If you are in the stage of life that might be called pre-parenthood, you may find this to be useful information because time is a precious commodity and as much as you may think you are aware of that now, be assured that it will be your reality once you have your baby at home full time.
In an ideal situation, the first number of months involve you sleeping when the baby sleeps and baby wearing with a wrap system whenever possible to get the things done that need doing — dishes, cleaning, etc. Chaim Yosef would sometimes even take naps while I wore him and did the dishes.

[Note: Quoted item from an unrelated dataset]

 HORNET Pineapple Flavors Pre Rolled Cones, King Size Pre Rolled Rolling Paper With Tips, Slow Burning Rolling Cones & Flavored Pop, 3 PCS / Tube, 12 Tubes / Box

Let us skip ahead to toddler years, where I am currently situated with my wife. On a typical Sunday, I will wake up at six forty five to spend about an hour on the phone with a partner in learning. We learned the hard way that it was no longer possible to learn by phone once Chaim Yosef was up as he wanted me off the phone. I go to the local synagogue at eight and return by nine, in time to greet his smiling face. I ask him what he wants for breakfast and prepare it but also do the dishes that may be there from Shabbos at the same time. This is key — try doing dishes while you wait for food to cook. When your child pokes a head up and looks restless or upset that you’re not entertaining them, you can explain what you are doing and maybe get some education in there as well. I speak only Romanian to Chaim Yosef so this helps with his Romanian skill set.

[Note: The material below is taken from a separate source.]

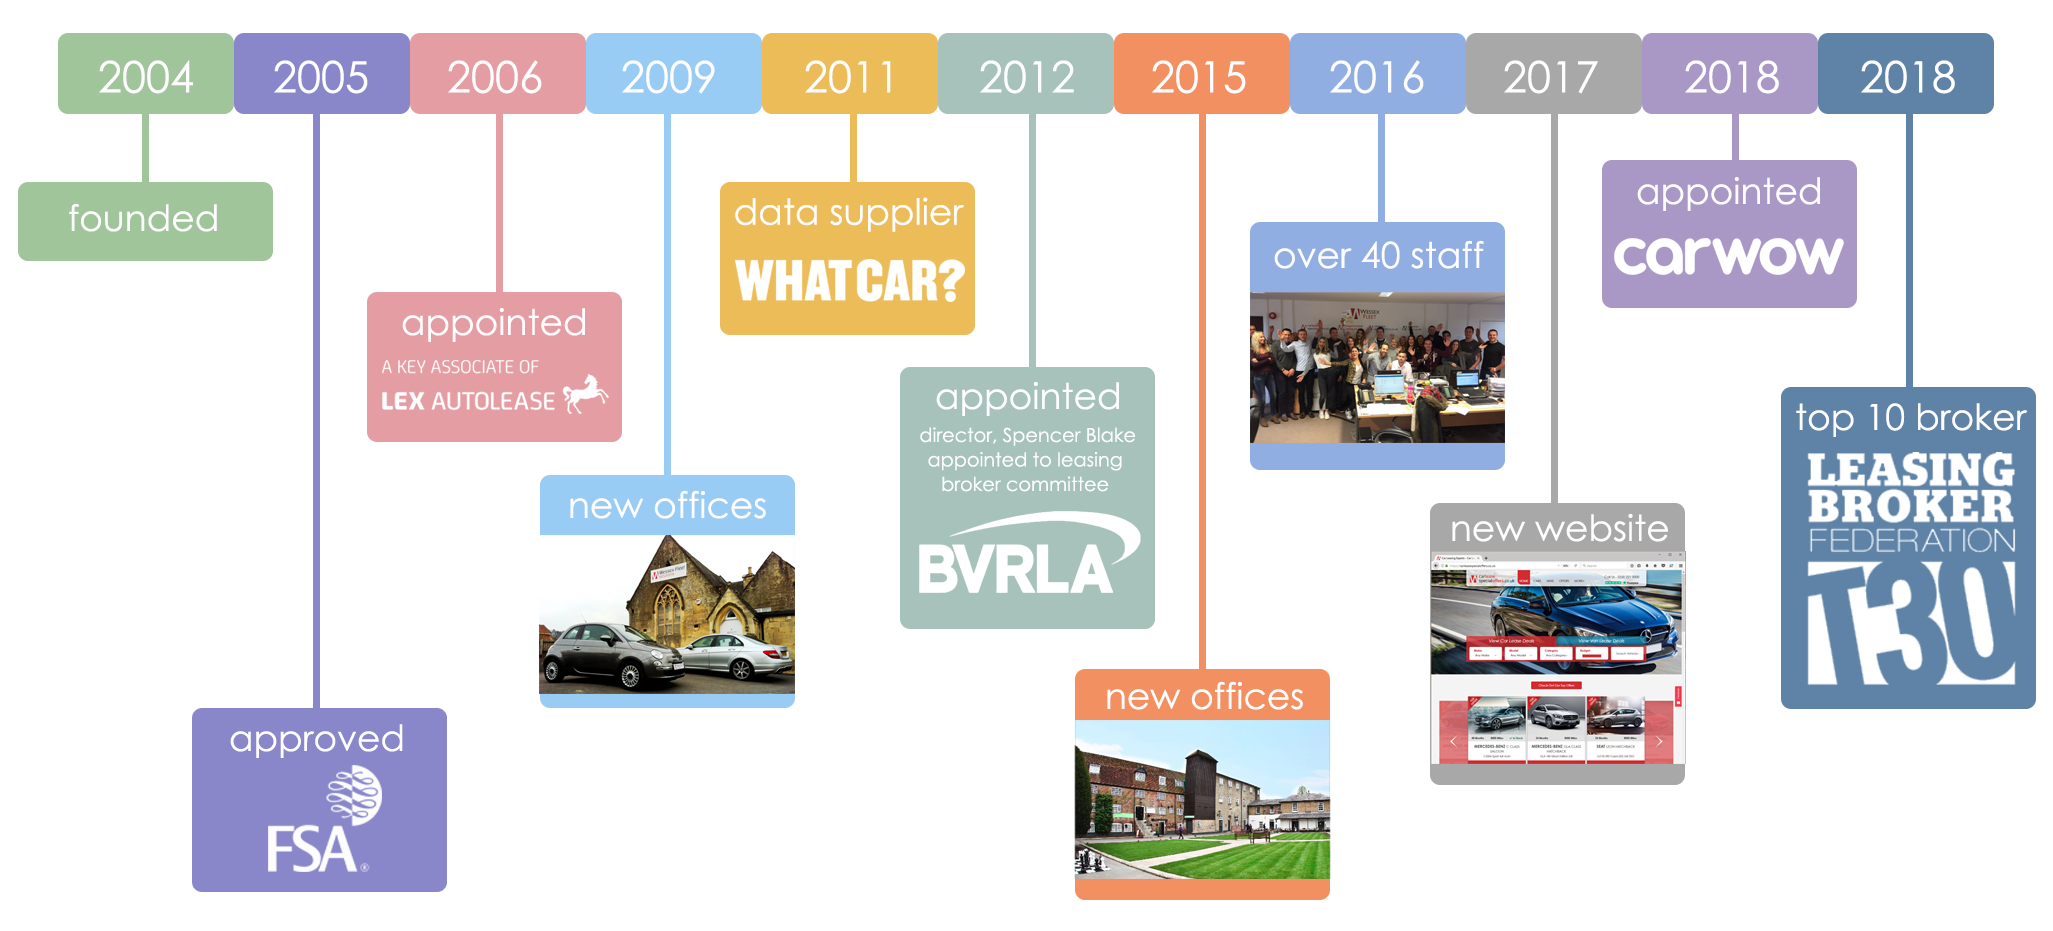 Xcite car leasing timeline of significant events

Television — if your child will be anything like ours is, you can almost forget about watching a full show uninterrupted while they are awake. Thank G-d for the DVR. Sometimes when Chaim gets a bit wild I threaten to put on Perry Mason and leave the room and for some reason that usually does the trick.
Movies — get a babysitter, or take turns going with friends. Do not take a toddler to the movie theater under any circumstance that doesn’t involve you somehow being entirely alone in that theater. You still may miss most of the movie. See television above.
Nookie — this is when it’s great to have friends who like to take your child out for lengthy walks. It’s that or you have to put the following thought out of your mind — the child may wake up screaming for no good reason mid-coitus. Sorry if I just put it in your mind.
Above all else, work with your partner. One person shouldn’t do all the dishes and cleaning while the other gets cuddle and tickling duties, unless one person is not only amazing at the cleaning but the other person regularly leaves dishes dirty and just excels at the cuddles and tickles. For the most part, duty sharing reins supreme.
The take away I hope to give you here is that any time you don’t have strictly focused on your child needs to be strictly structured. I wrote the entirety of this article on my iPhone, fighting every single goofy autocorrect suggestion along the way — while sitting on the train on my way to work! Much can be done while waiting in lines or other areas that seem like useless time sinks.